Gadgets de salud: ¿autonomía real o espejismo tecnológico?

Mano sosteniendo un reloj inteligente con métricas de salud en pantalla, contrastando con un estetoscopio médico tradicional sobre fondo clínico

Tecnología wearable: Los dispositivos que prometen revolucionar la salud esconden riesgos ocultos. Expertos advierten sobre la dependencia de algoritmos y la falta de precisión clínica.

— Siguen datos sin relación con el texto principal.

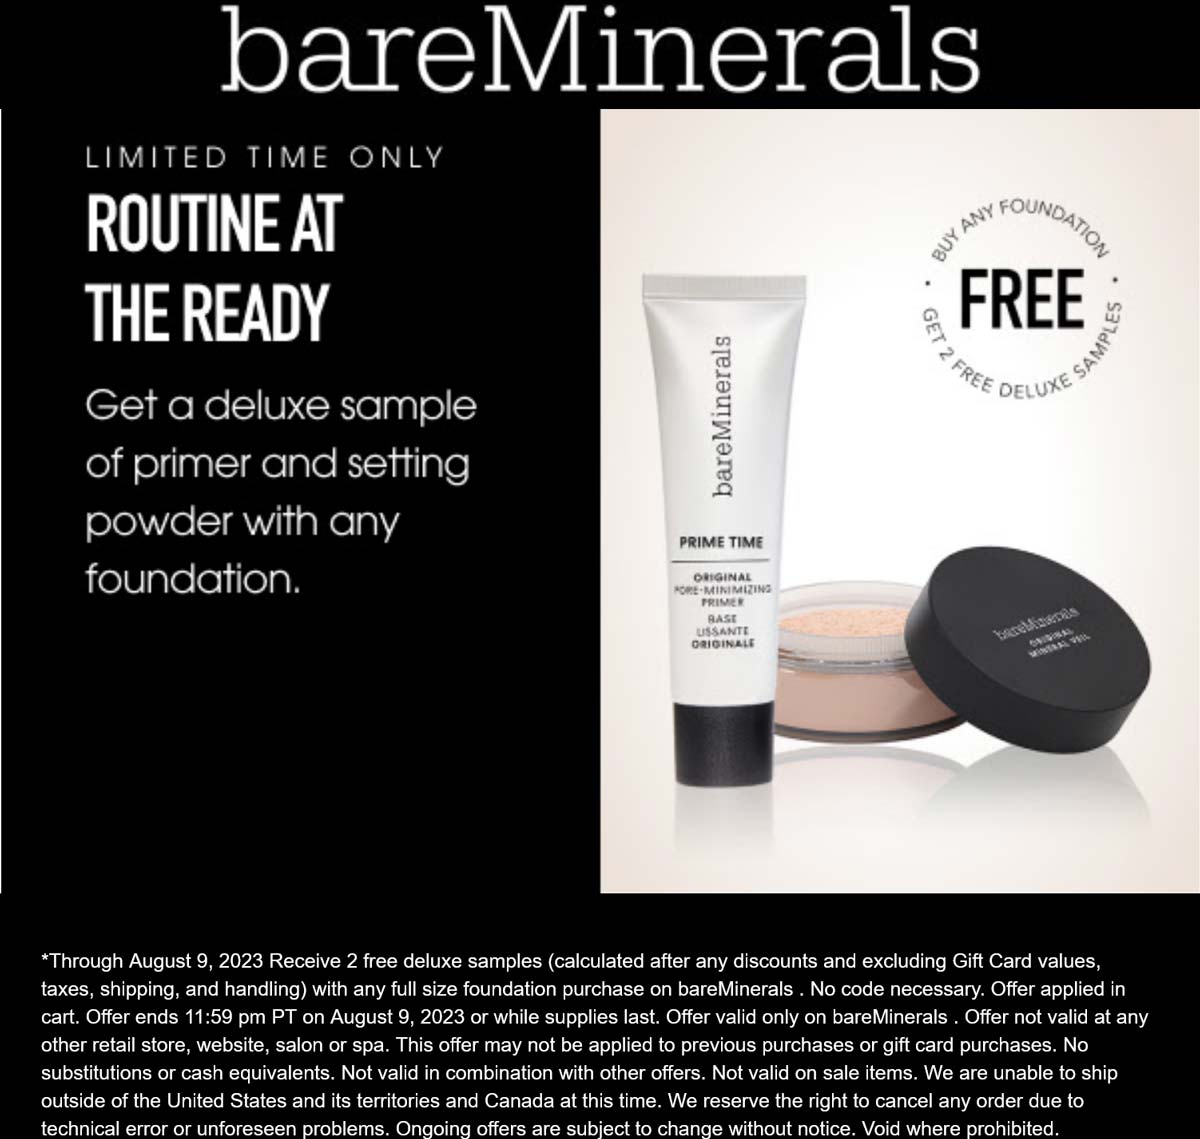 bareMinerals stores Coupon  Free primer & setting powder with your foundation at bareMinerals #bareminerals 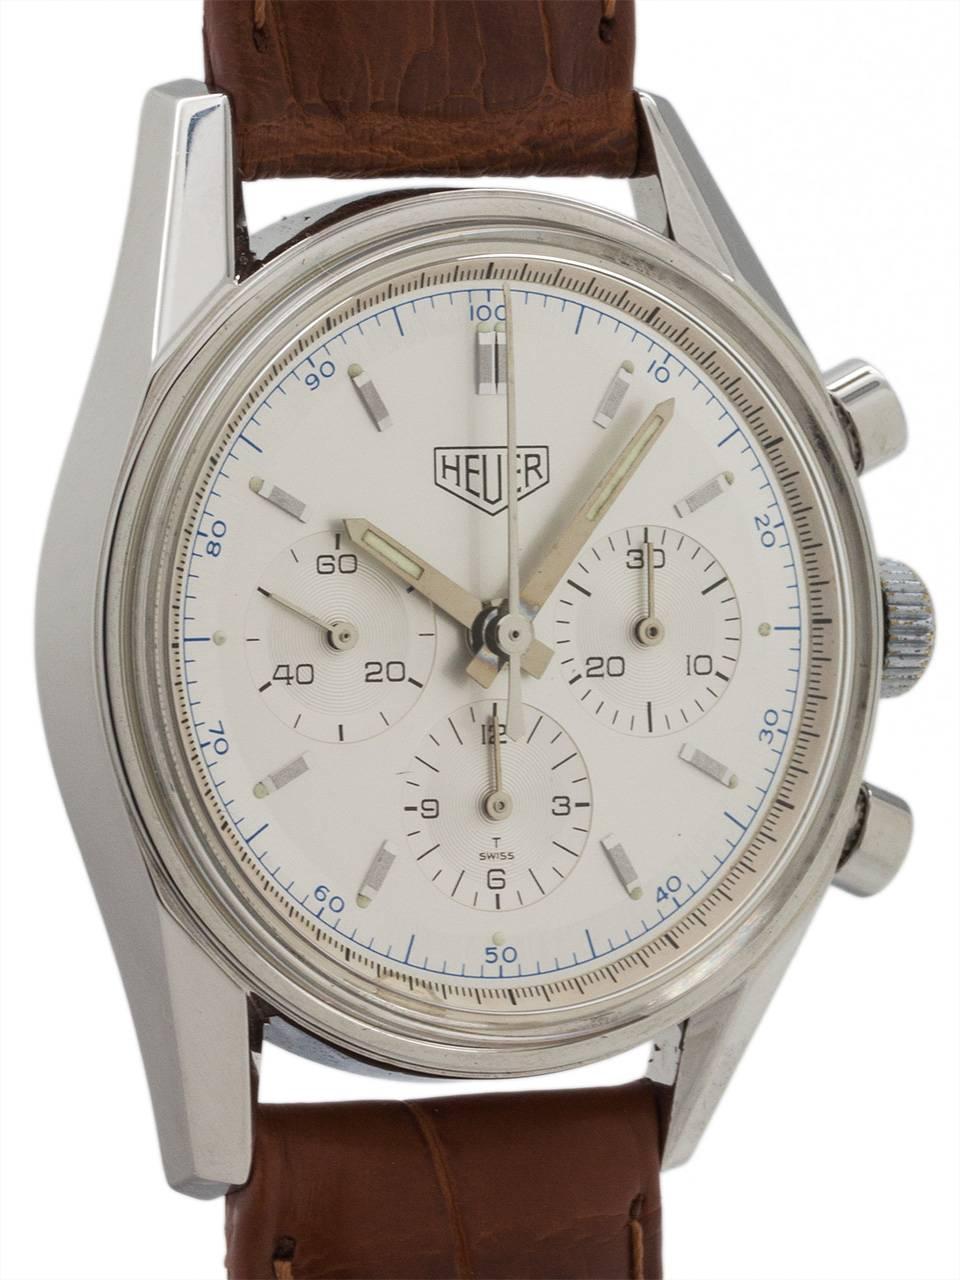 
Heuer circa 1990’s reissue of the classic 1964 Carrera 3 registers manual wind chronograph in excellent preowned condition. Model ref # CS3110, featuring 34 X 38mm case with screw down case back, and round pushers, true to the 1964 original with

Vivimos en una era donde un anillo de titanio o una pulsera inteligente pueden parecer tan avanzados como los equipos de un hospital. Sin embargo, esa aparente autonomía oculta una paradoja: millones de personas confían ciegamente en métricas digitales que, en muchos casos, adivinan más de lo que diagnostican.

La frontera entre un accesorio de lujo y un monitor médico se ha difuminado. Lo que comenzó como un simple contador de pasos hoy analiza la electricidad del corazón, la saturación de oxígeno e incluso el estrés. Pero detrás de su diseño minimalista se esconde una industria que ha convertido el cuerpo humano en una fuente inagotable de datos.

El Dr. Alejandro Hernández Arango, médico internista y especialista en informática médica de la Universidad de Antioquia, explica que este cambio no es solo tecnológico, sino cultural. «La tendencia hoy es hacia el bienestar. Ya no solo medimos si te vas a morir o no, sino qué tan bien vives y te sientes», señala. Sin embargo, advierte que muchos usuarios quedan atrapados en un laberinto de señales que no siempre saben interpretar.

El espejismo de la precisión

La fe en estos dispositivos choca con la realidad clínica. Un caso emblemático es el de Geoffrey A. Fowler, columnista de The Washington Post, quien entregó una década de sus datos de salud a la IA de ChatGPT Health. El resultado fue alarmante: una «F» rotunda en su salud cardiovascular.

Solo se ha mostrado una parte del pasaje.